How To: Given the logarithm of a power, use the power rule of logarithms to write an equivalent product of a factor and a logarithm

• Express the argument as a power, if needed.
• Write the equivalent expression by multiplying the exponent times the logarithm of the base.

Example: Expanding a Logarithm with Powers

Rewrite [latex]{\mathrm{log}}_{2}{x}^{5}[/latex].

The argument is already written as a power, so we identify the exponent, 5, and the base, x , and rewrite the equivalent expression by multiplying the exponent times the logarithm of the base.

[latex]{\mathrm{log}}_{2}\left({x}^{5}\right)=5{\mathrm{log}}_{2}x[/latex]

Rewrite [latex]\mathrm{ln}{x}^{2}[/latex].
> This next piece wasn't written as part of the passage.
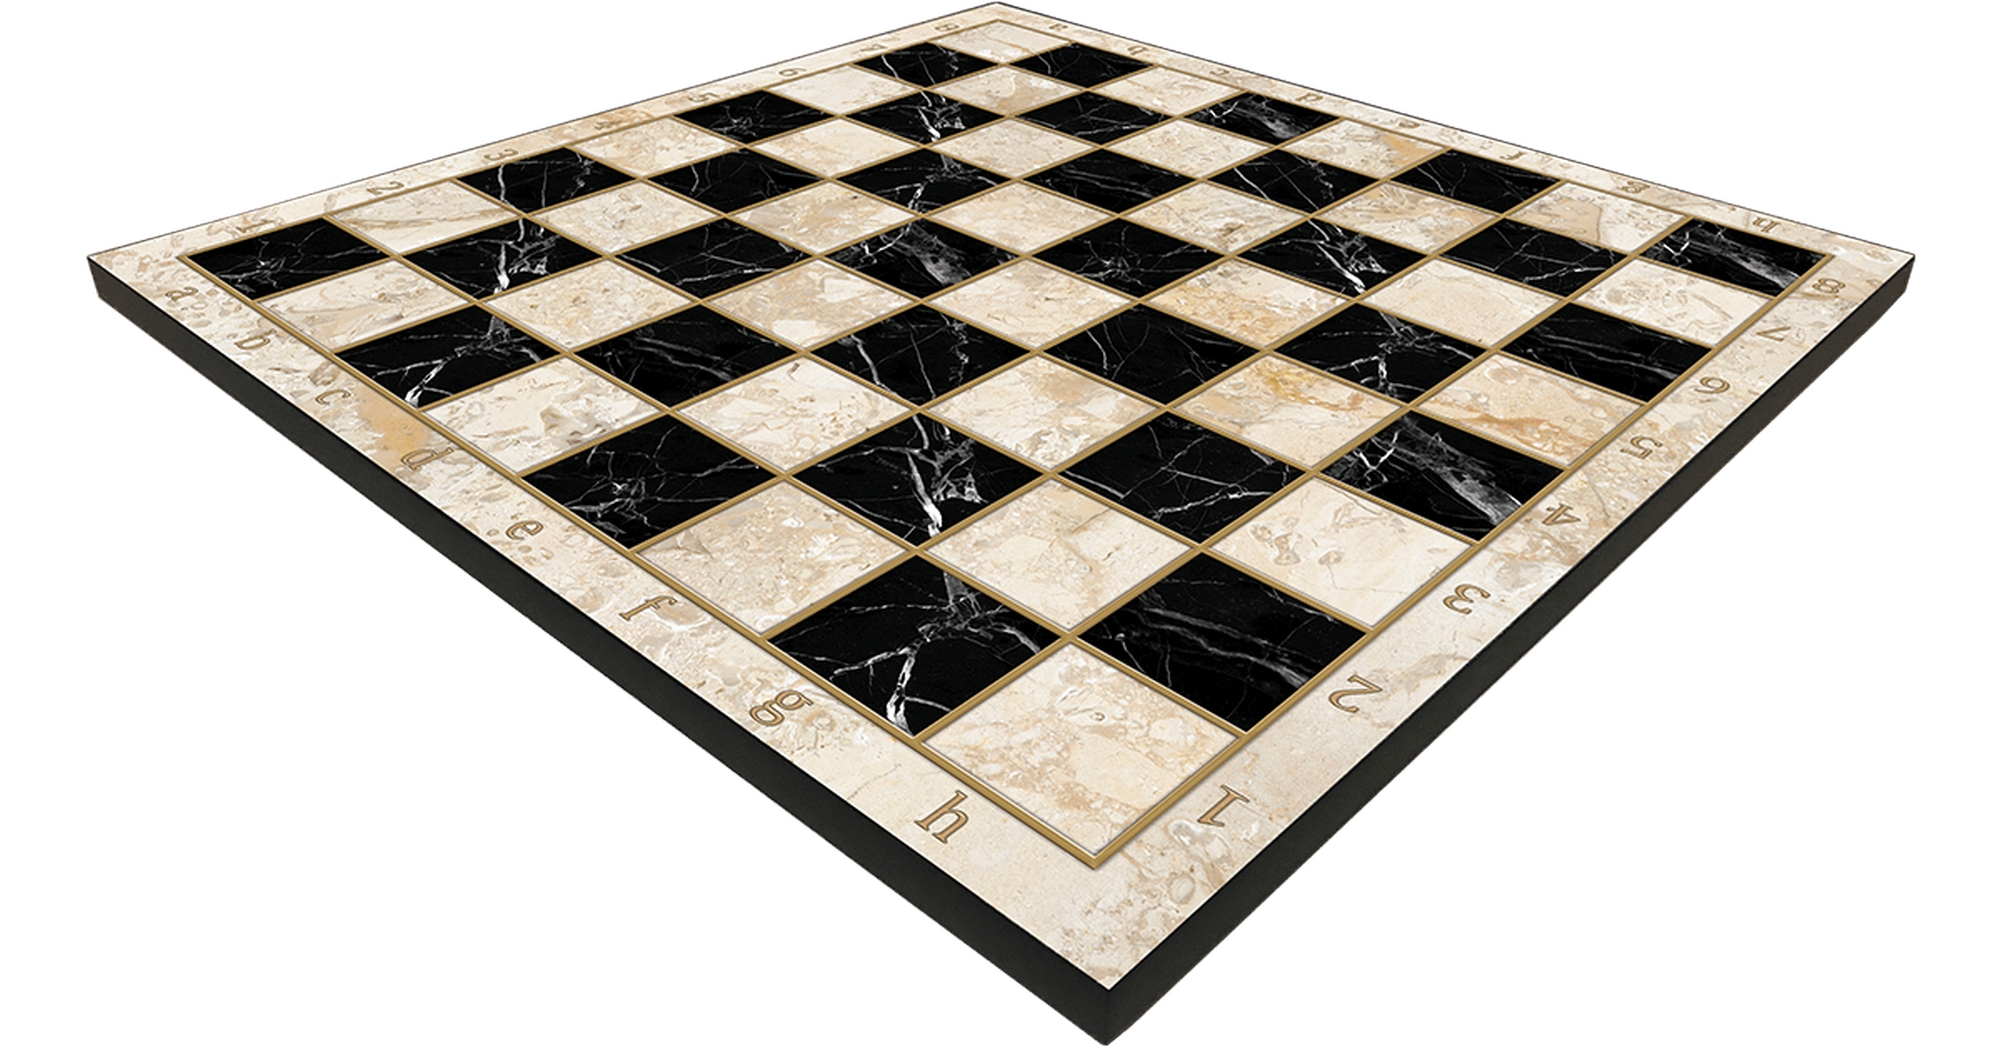 Шахматная доска Черный-Бежевый, Турция Yenigun B00201001

[latex]2\mathrm{ln}x[/latex]

Example: Rewriting an Expression as a Power before Using the Power Rule

Rewrite [latex]{\mathrm{log}}_{3}\left(25\right)[/latex] using the power rule for logs.

Expressing the argument as a power, we get [latex]{\mathrm{log}}_{3}\left(25\right)={\mathrm{log}}_{3}\left({5}^{2}\right)[/latex].

Next we identify the exponent, 2, and the base, 5, and rewrite the equivalent expression by multiplying the exponent times the logarithm of the base.

[latex]{\mathrm{log}}_{3}\left({5}^{2}\right)=2{\mathrm{log}}_{3}\left(5\right)[/latex]

Rewrite [latex]\mathrm{ln}\left(\frac{1}{{x}^{2}}\right)[/latex].

[latex]-2\mathrm{ln}\left(x\right)[/latex]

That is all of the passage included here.